[What you will do]
Restate word for word the lines below from the one that has "902-013 Жгуты проводов, Салон, и, Сегмент" through the one that has "Këpucë për femra Pembe Potin, të zeza", keeping both and dropping all pictures.

[Dataset records]
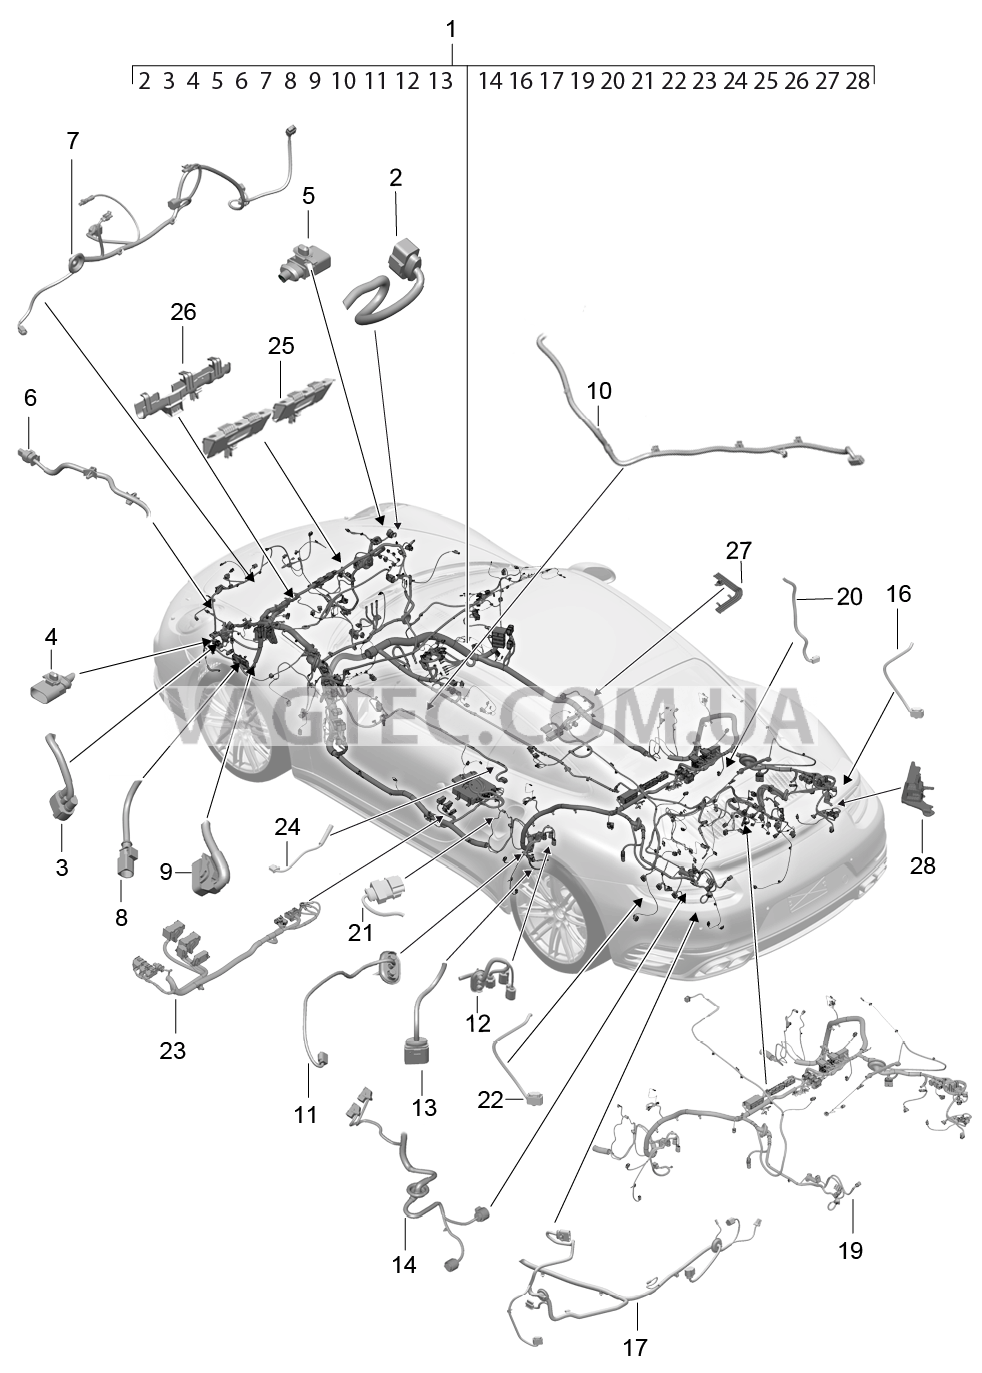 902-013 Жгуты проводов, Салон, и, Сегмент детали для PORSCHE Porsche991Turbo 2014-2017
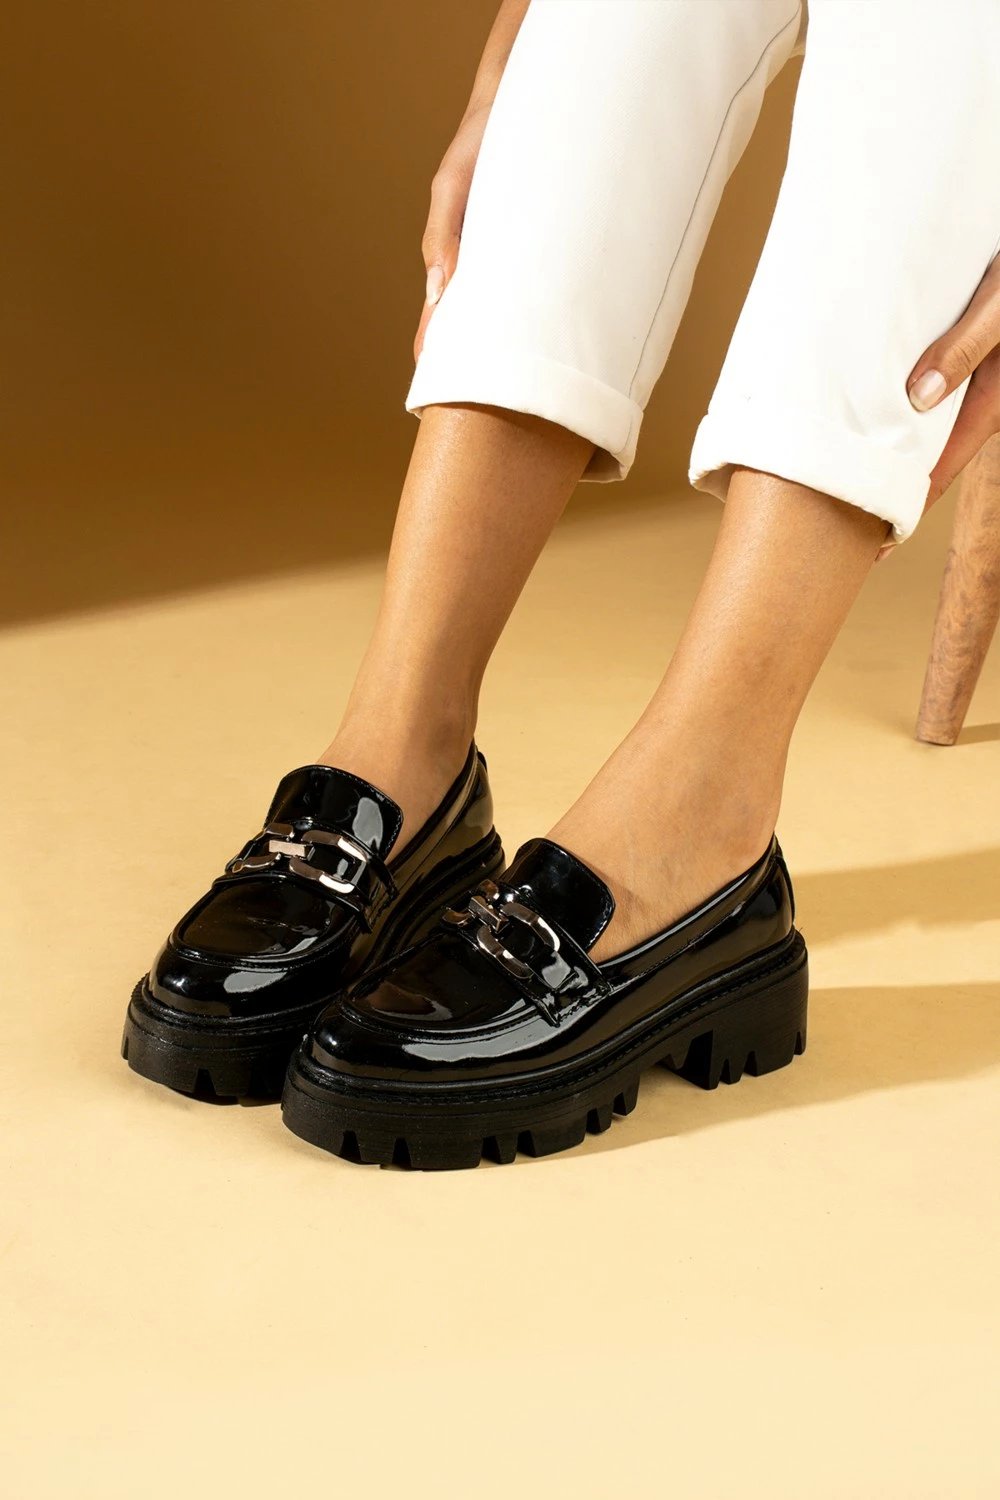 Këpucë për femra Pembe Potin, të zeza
==
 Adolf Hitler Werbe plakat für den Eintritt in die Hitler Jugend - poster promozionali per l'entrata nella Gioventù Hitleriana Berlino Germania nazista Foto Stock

[Solution to this problem]
 902-013 Жгуты проводов, Салон, и, Сегмент детали для PORSCHE Porsche991Turbo 2014-2017
 Këpucë për femra Pembe Potin, të zeza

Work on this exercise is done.